陪沈廷创业的第七年,我习惯了把一分钱掰成两半花。
为了省电费,他在家里定下规矩,气温不降到零下5度绝不开空调制热。
大冬天我手上生满了冻疮,又红又肿,他却裹着厚睡衣说:“寒冷让人清醒,吃得苦中苦,方为人上人。”
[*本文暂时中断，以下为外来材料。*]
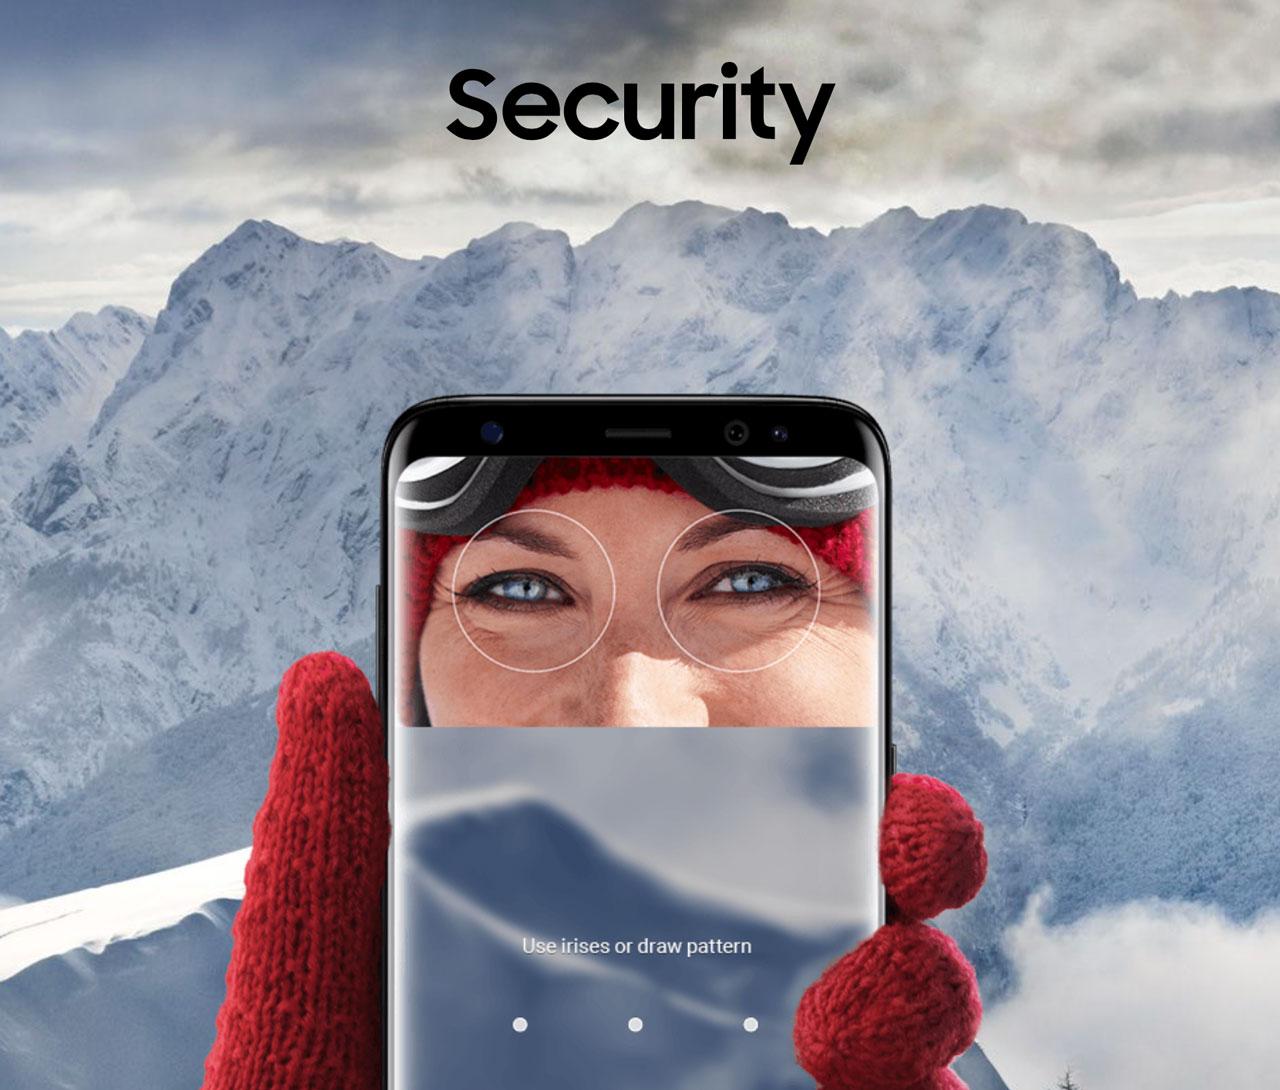 galaxy-s8-security-iris-scanning

七夕情人节,他送我的礼物是他公司滞销的一批印错字的卫衣。
我穿着那件版型奇怪的卫衣,陪他熬过了一个又一个手脚冰凉的冬夜。
直到那天我发烧39度,想打个车去医院,车费不过40块。
他在电话里暴怒:“坐地铁不行吗?创业阶段每一分钱都要花在刀刃上!”
“你这么娇气,以后怎么当老板娘?”
挂了电话,我却刷到了他公司新招的前台小妹的朋友圈。
视频里,漫天的迪士尼烟花璀璨夺目,那是VIP观景位的视角。
原来,所谓的创业艰难,只是为了省下钱给别人制造浪漫。
原来,心凉透了,比数九寒天还要冷。
我烧掉了那件卫衣,也烧掉了这七年的青春。
......
因为发烧,我浑身冷得像掉进了冰窟窿,牙齿都在打颤,骨头缝里都在冒寒气。
……
第二天早上,我是被沈廷的骂声吵醒的。
“袁涵!我的羊绒大衣呢?我要穿那件黑色的,今天见投资人!”
我躺在客房的床上,头还有点晕,但意识异常清醒。
“烧了。”
我隔着门板,淡淡地回了一句。
外面的动静停滞了两秒,紧接着门被一脚踹开。
沈廷穿着一条保暖裤,满脸不可置信地站在门口。
“你说什么?烧了?那件大衣好几千块!你疯了?”
“那是必须要干洗的羊绒,昨晚我发烧,没力气伺候那些衣服,也没钱送干洗。”
我坐起身,平静地看着他。
“既然不能洗,留着也是占地方,我就帮你处理了。”
“正如你所说,家里地方小,每一寸空间都要用在刀刃上。而且烧了还能取暖,也不算浪费。”
沈廷气得胸口剧烈起伏,手指指着我,半天说不出话来。
最后,他只能从衣柜里随便翻出一件起球的旧羽绒服套上,骂骂咧咧地出了门。
我也起床收拾了一下。
……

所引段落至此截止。